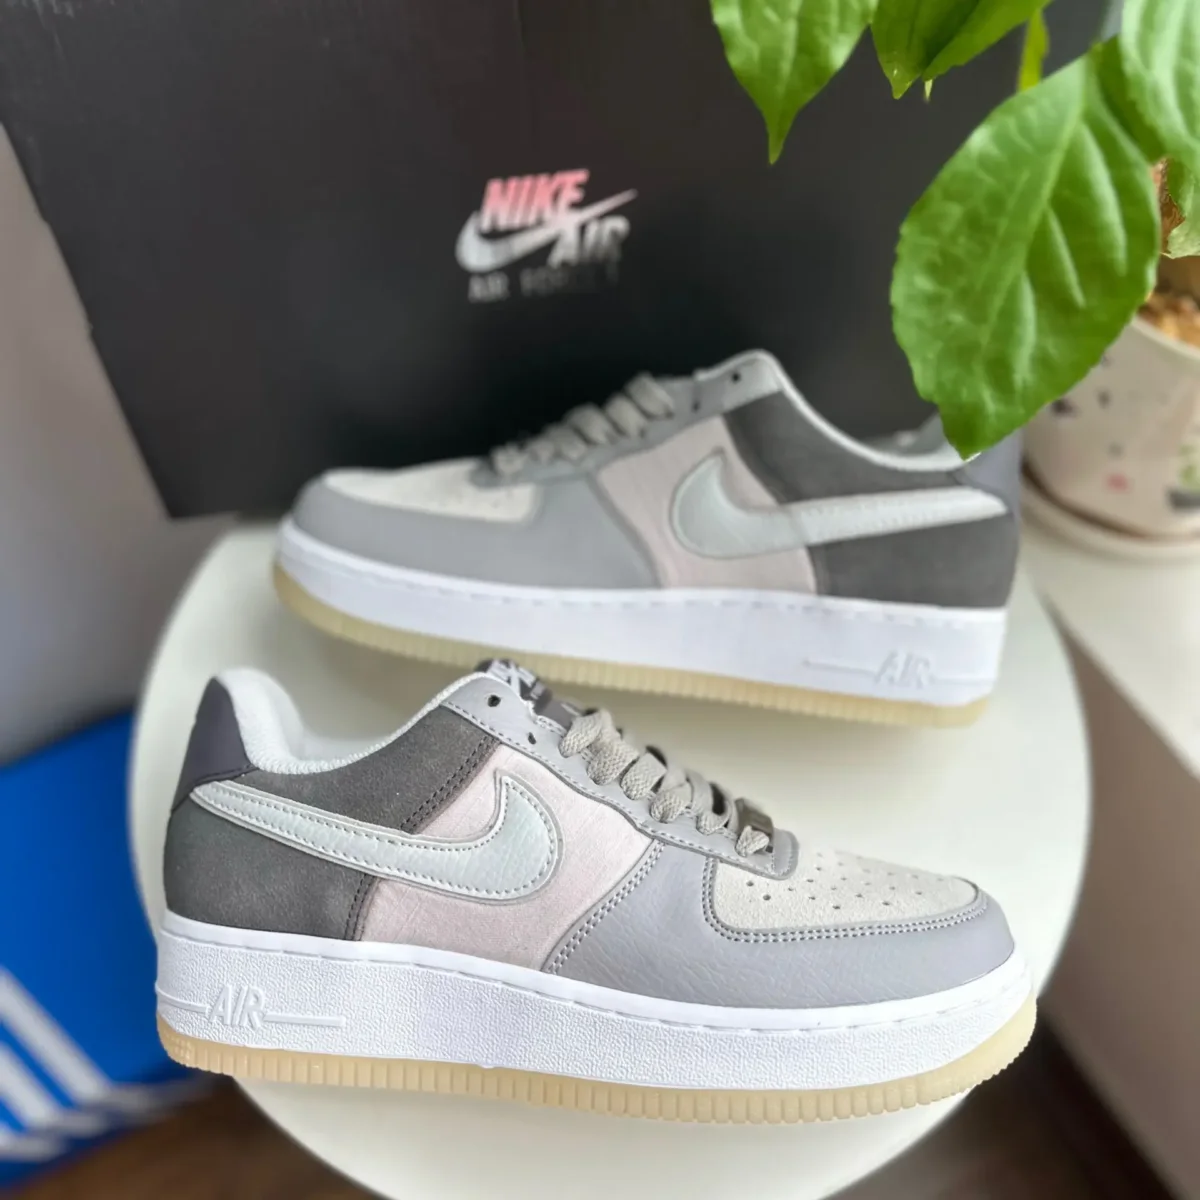 giày Nike Air Force 1 Low 07 LV8 2 Atmosphere Grey Thunder
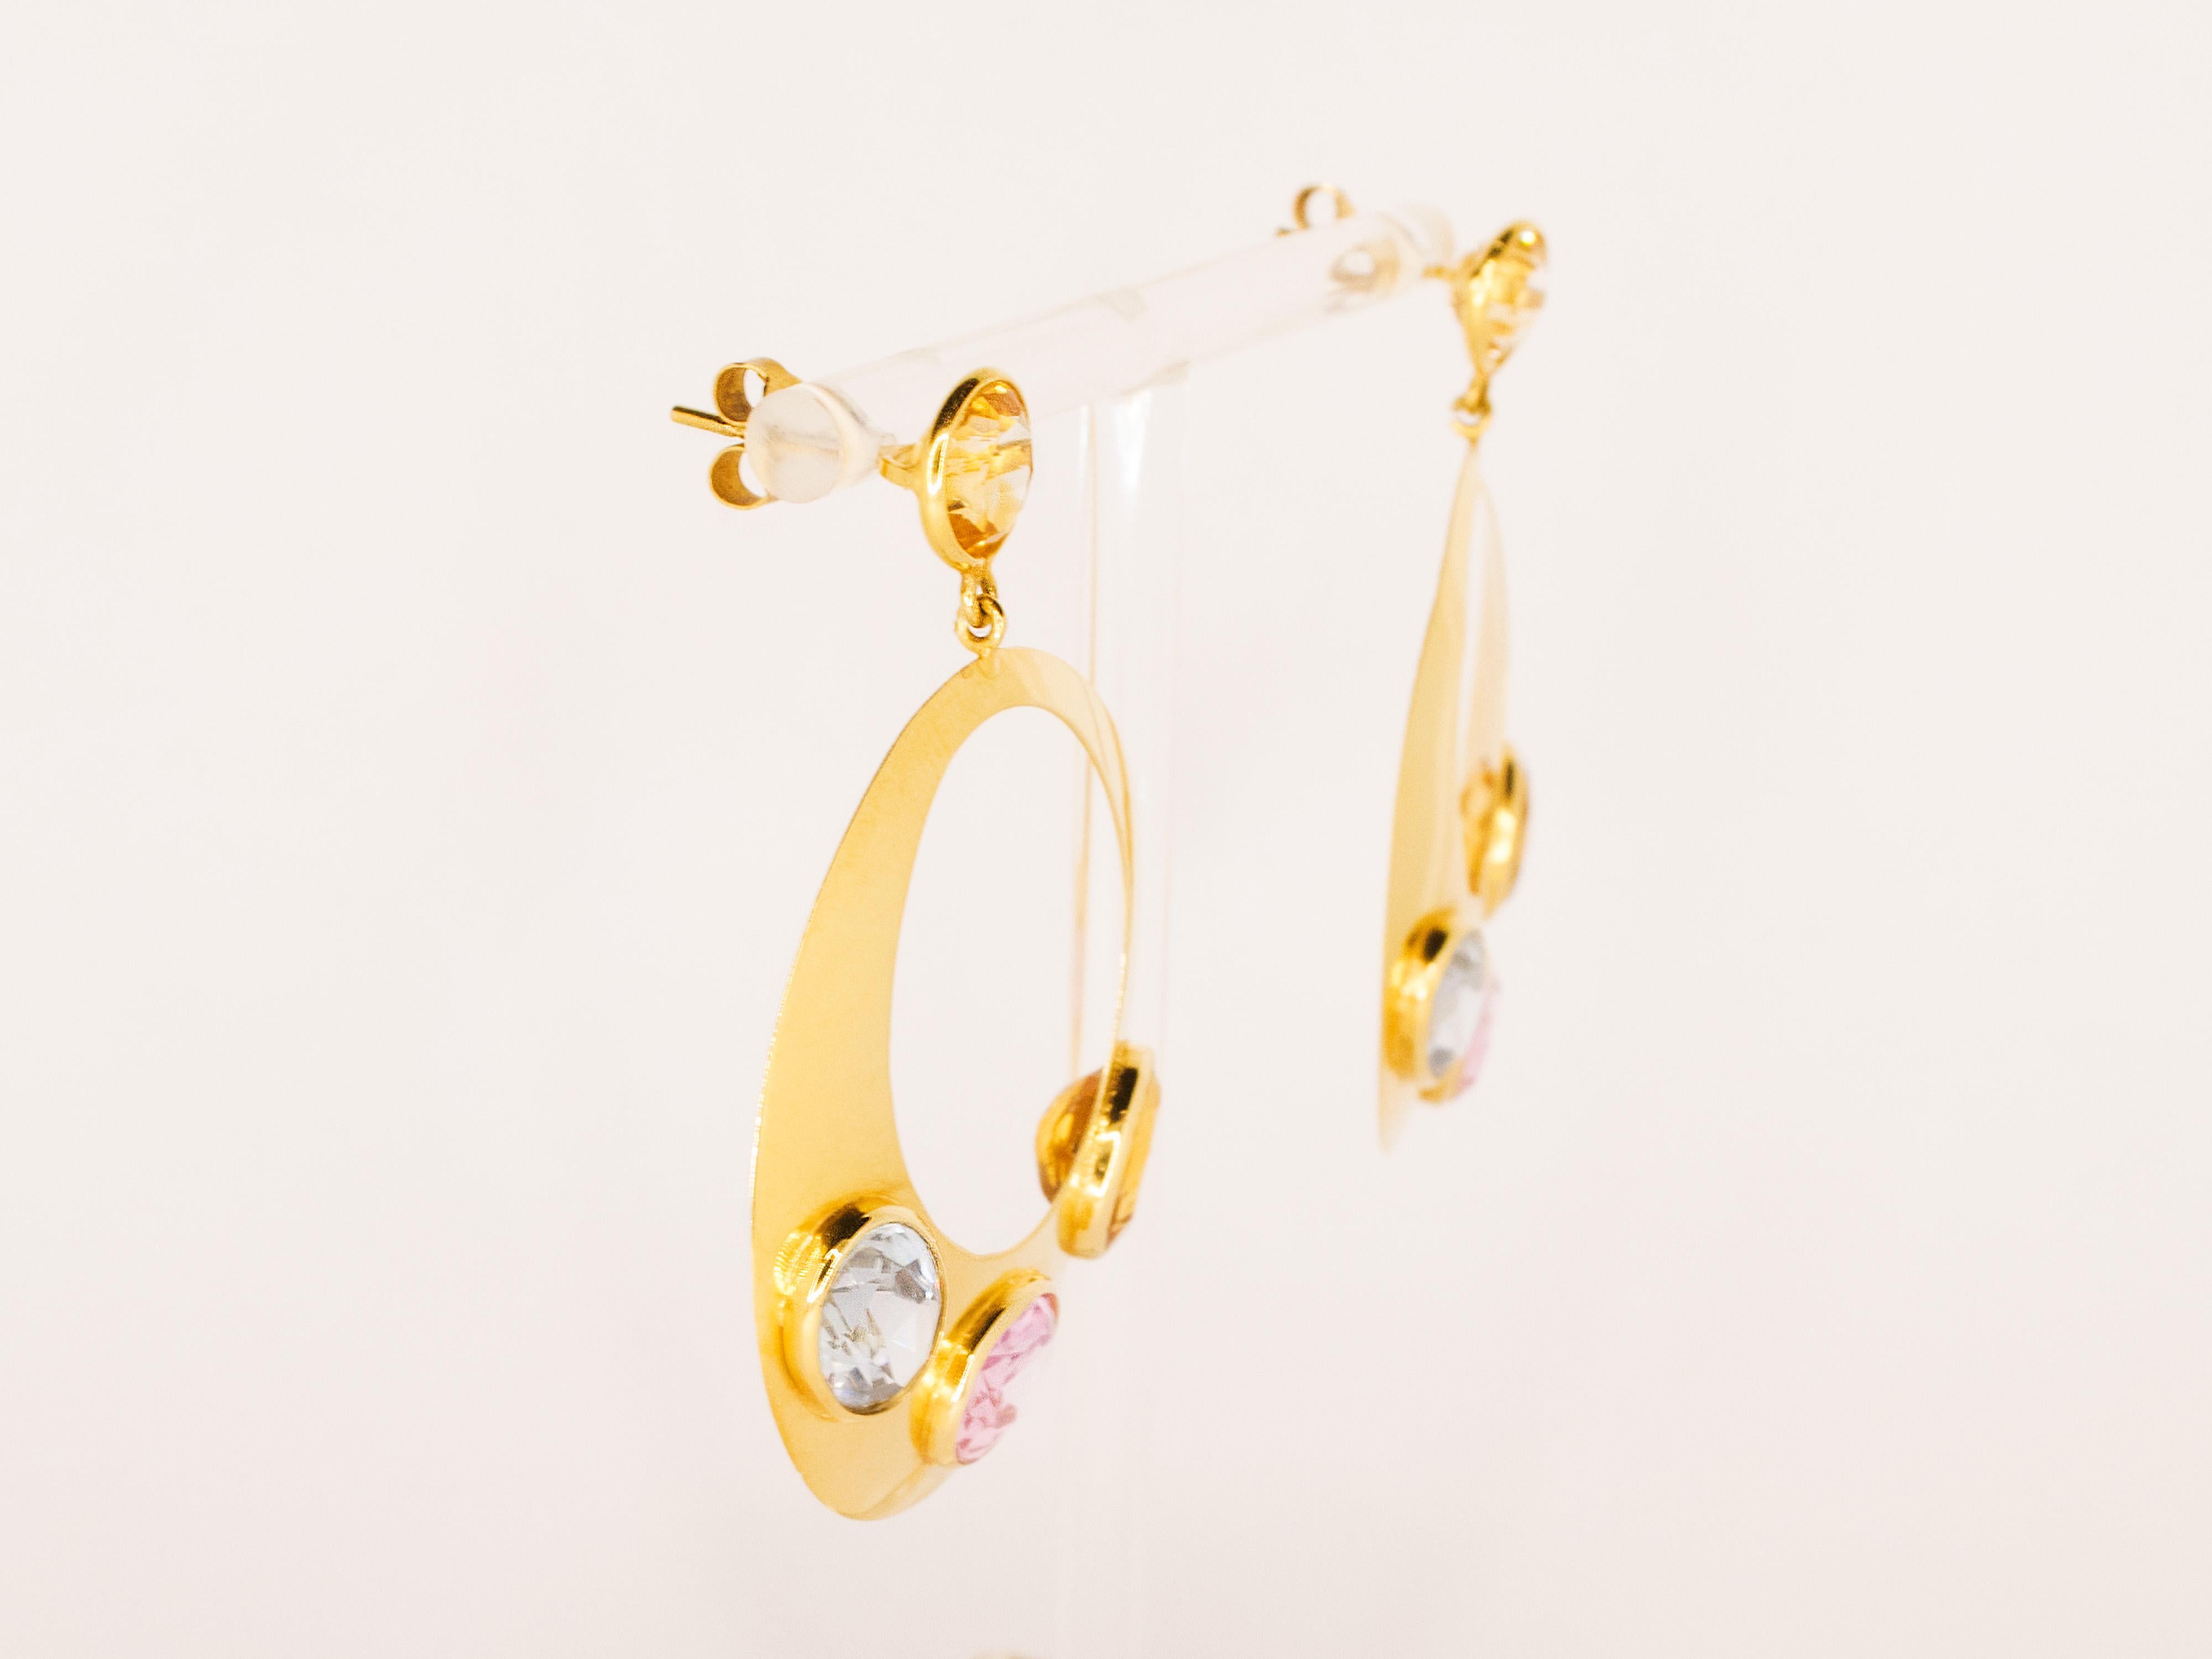 A pair of 18 kt yellow gold earrings weighing 14.80 g and embellished with  blue, pink and yellow quartz of oval and round cut.
These earrings have a 1990s style and design and at the same time are very current and wearable for any occasion.
Gold

-- -- --

▶ Work instruction
Output the listing above exactly, but leave its pictures behind.

▶ Final answer
 giày Nike Air Force 1 Low 07 LV8 2 Atmosphere Grey Thunder
 A pair of 18 kt yellow gold earrings weighing 14.80 g and embellished with  blue, pink and yellow quartz of oval and round cut.
These earrings have a 1990s style and design and at the same time are very current and wearable for any occasion.
Gold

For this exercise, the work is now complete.